The Neural Network Compression Framework (NNCF) is designed to work with the configuration file where the parameters of compression that should be applied to the model are specified. These parameters are organized as a dictionary and stored in a JSON file that is deserialized when the training starts. The JSON file allows using comments that are supported by the jstyleson Python package.
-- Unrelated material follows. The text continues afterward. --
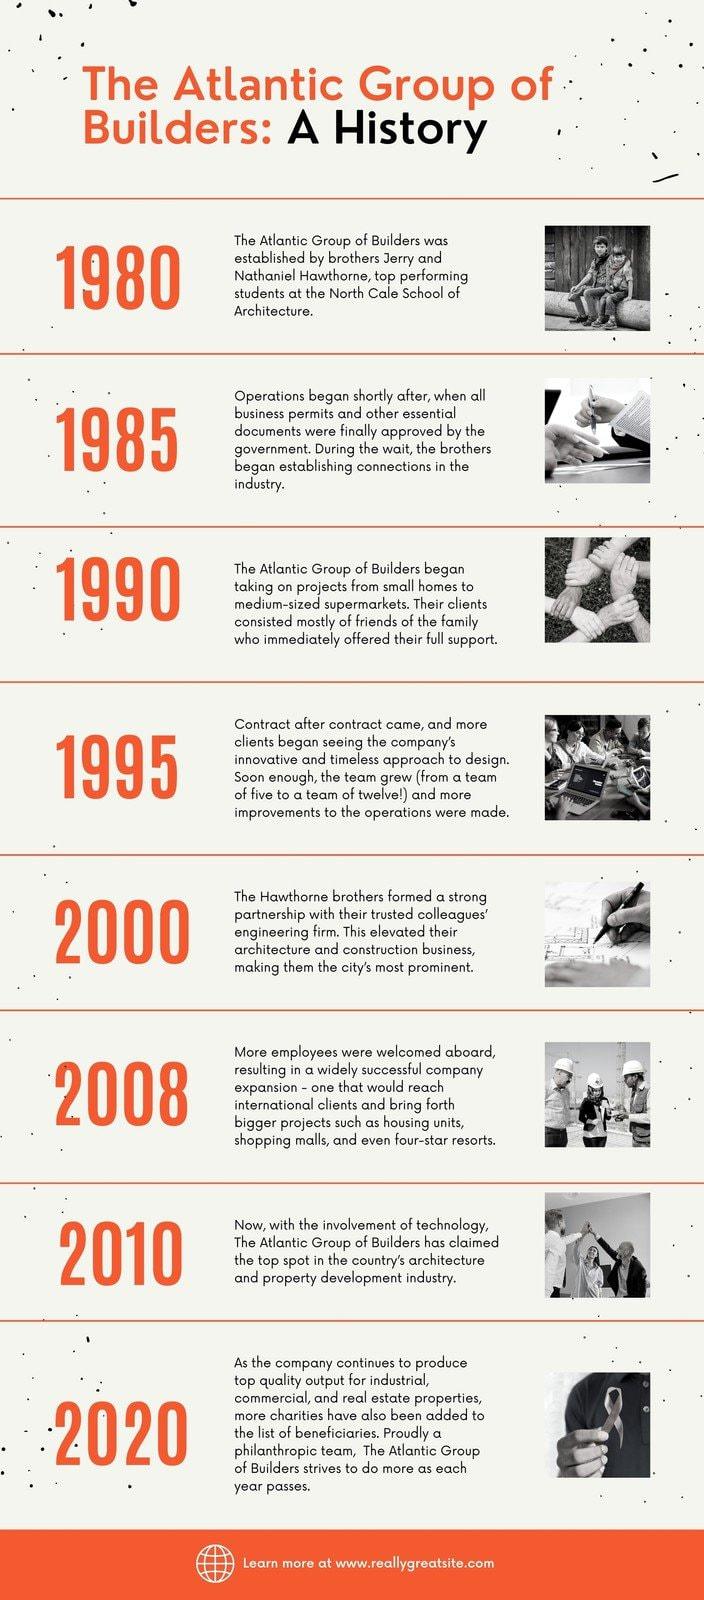 Orange Photo Clean & Corporate Organization History Timeline Infographic

Below is an example of the NNCF configuration file
{
"input_info": [ // Required - describe the specifics of your model inputs here. This information is used to build the internal graph representation that is leveraged for proper compression functioning, and for exporting the compressed model to ONNX. Inputs in the array without a "keyword" attribute are described in the order of the model's "forward" function argument order.
{
"sample_size": [1, 3, 224, 224], // Shape of the tensor expected as input to the model.
"type": "float", // Data type of the model input tensor.
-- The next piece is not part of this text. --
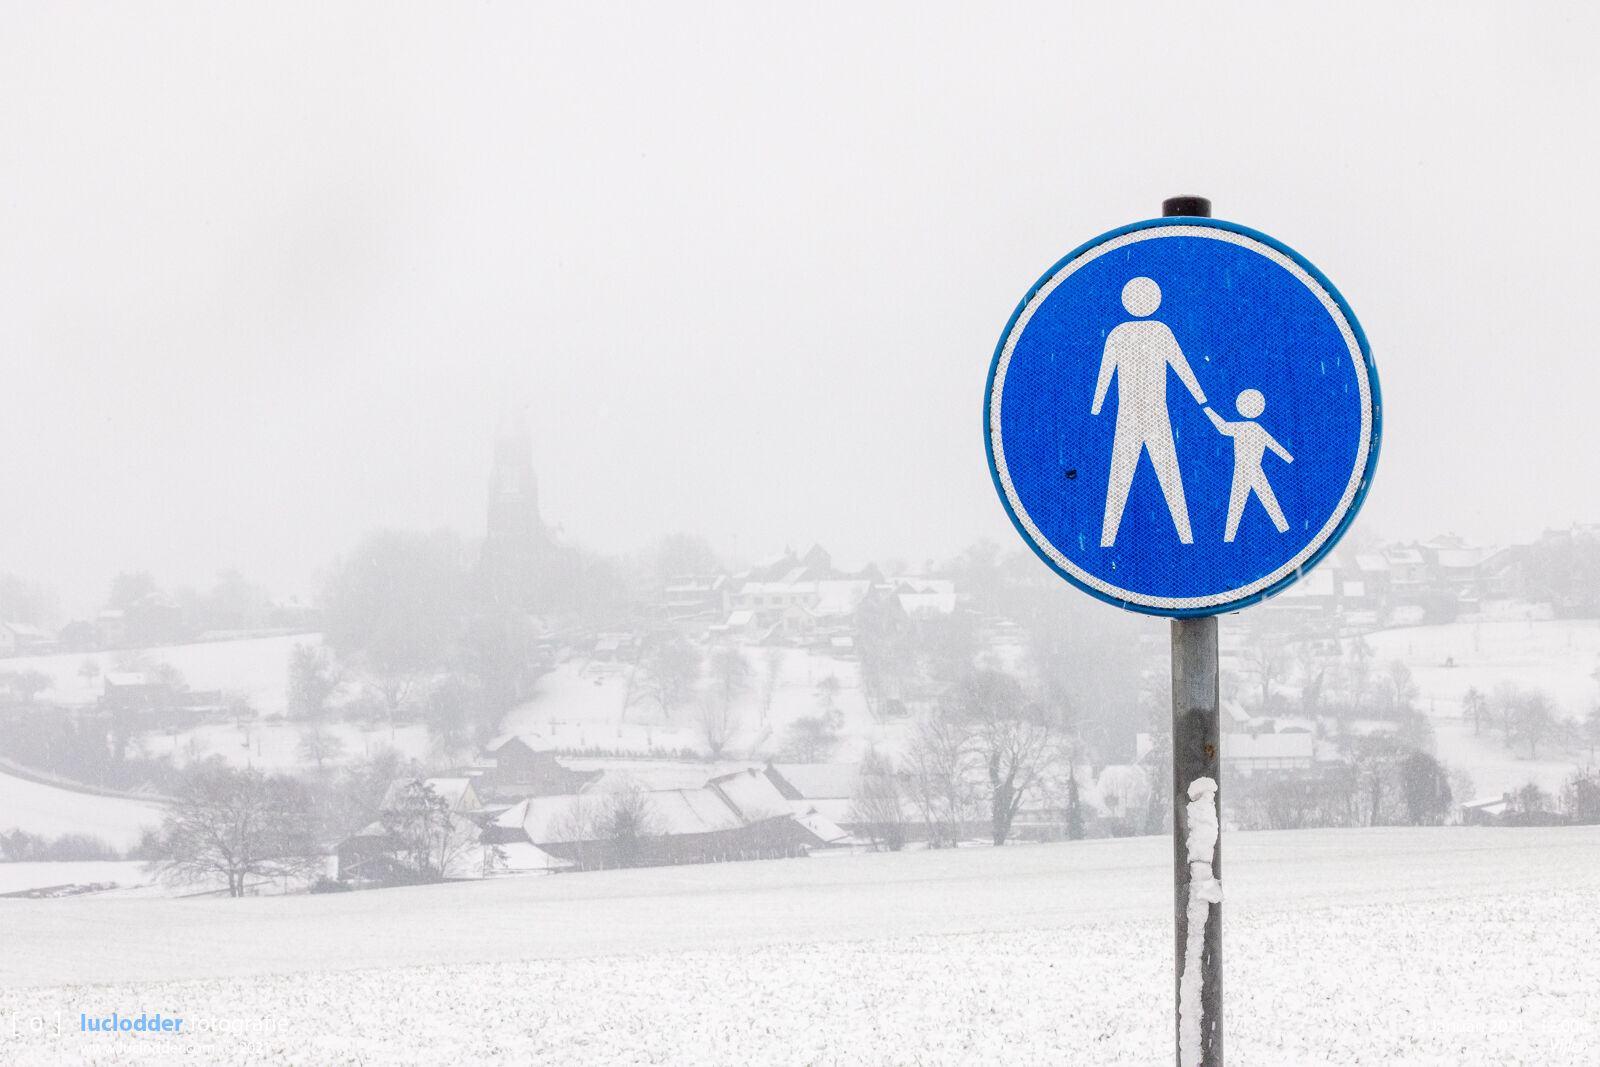 Vijlen, Limburg

"filler": "zeros", // Determines what the tensor will be filled with when passed to the model during tracing and exporting.
"keyword": "input" // Keyword to be used when passing the tensor to the model's 'forward' method. Optional.
},
// Provide a description for each model input.
{
"sample_size": [1, 1, 28, 28],
"type": "long",
"filler": "ones",
"keyword": "another_input"
},
},
],
},
"hw_config_type": "cpu", // If specified, the compression algorithms will use parameter presets that are more likely to result in best performance on a given HW type. Optional.
"compression": [ // One or more definitions for the compression algorithms to be applied to the model; either a single JSON object or an array of JSON objects. See README for each compression algorithm for a description of the available config parameters.
{
"algorithm": quantization,
"initializer": {
"range": {
"num_init_steps": 10
}
}
},
{
"algorithm": "magnitude_sparsity",
"params": {
"schedule": "multistep",
"steps": [
5,
10,
20,
30,
40
],
"sparsity_levels": [
0.1,
0.2,
0.3,
0.4,
0.5,
0.6
]
}
}
]
}
}
The "compression" section is the core of the configuration file. It defines the specific compression algorithms that are to be applied to the model. You can specify either a single compression algorithm to be applied to the model, or multiple compression algorithms to be applied at once. To specify a single compression algorithm, the "compression" section should hold a dictionary corresponding to one of the built-in NNCF compression algorithms. The dictionary should contain the name of the desired algorithm and the key-value pairs of the configurable parameters of the algorithm. See Algorithms.md for a list of supported algorithms and their configuration formats. To specify multiple compression algorithm at once, the "compression" section should hold an array (list) of dictionaries each corresponding to a single compression algorithm.
IMPORTANT: The "ignored_scopes"
and "target_scopes"
sections use a special string format (see "Operation addressing and scope" in NNCFArchitecture.md) to specify the parts of the model that the compression should be applied to. For all such section, regular expression matching can be enabled by prefixing the string with {re}
, which helps to specify the same compression pattern concisely for networks with multiple same-structured blocks such as ResNet or BERT.
The example scripts use the same configuration file structure to specify compression, but extend it at the root level to specify the training pipeline hyperparameters as well. These extensions are training pipeline-specific rather than NNCF-specific and their format differs across the example scripts.
NOTE: You can extend the configuration file format for custom usage in your own training pipeline, but only at the root level of the JSON file and only for the keywords that are not already used by NNCF. If you wish to extend NNCF with a new compression algorithm (which is to be specified in the "compression" section), you should register it within the NNCF config JSON schema, against which the config files are validated.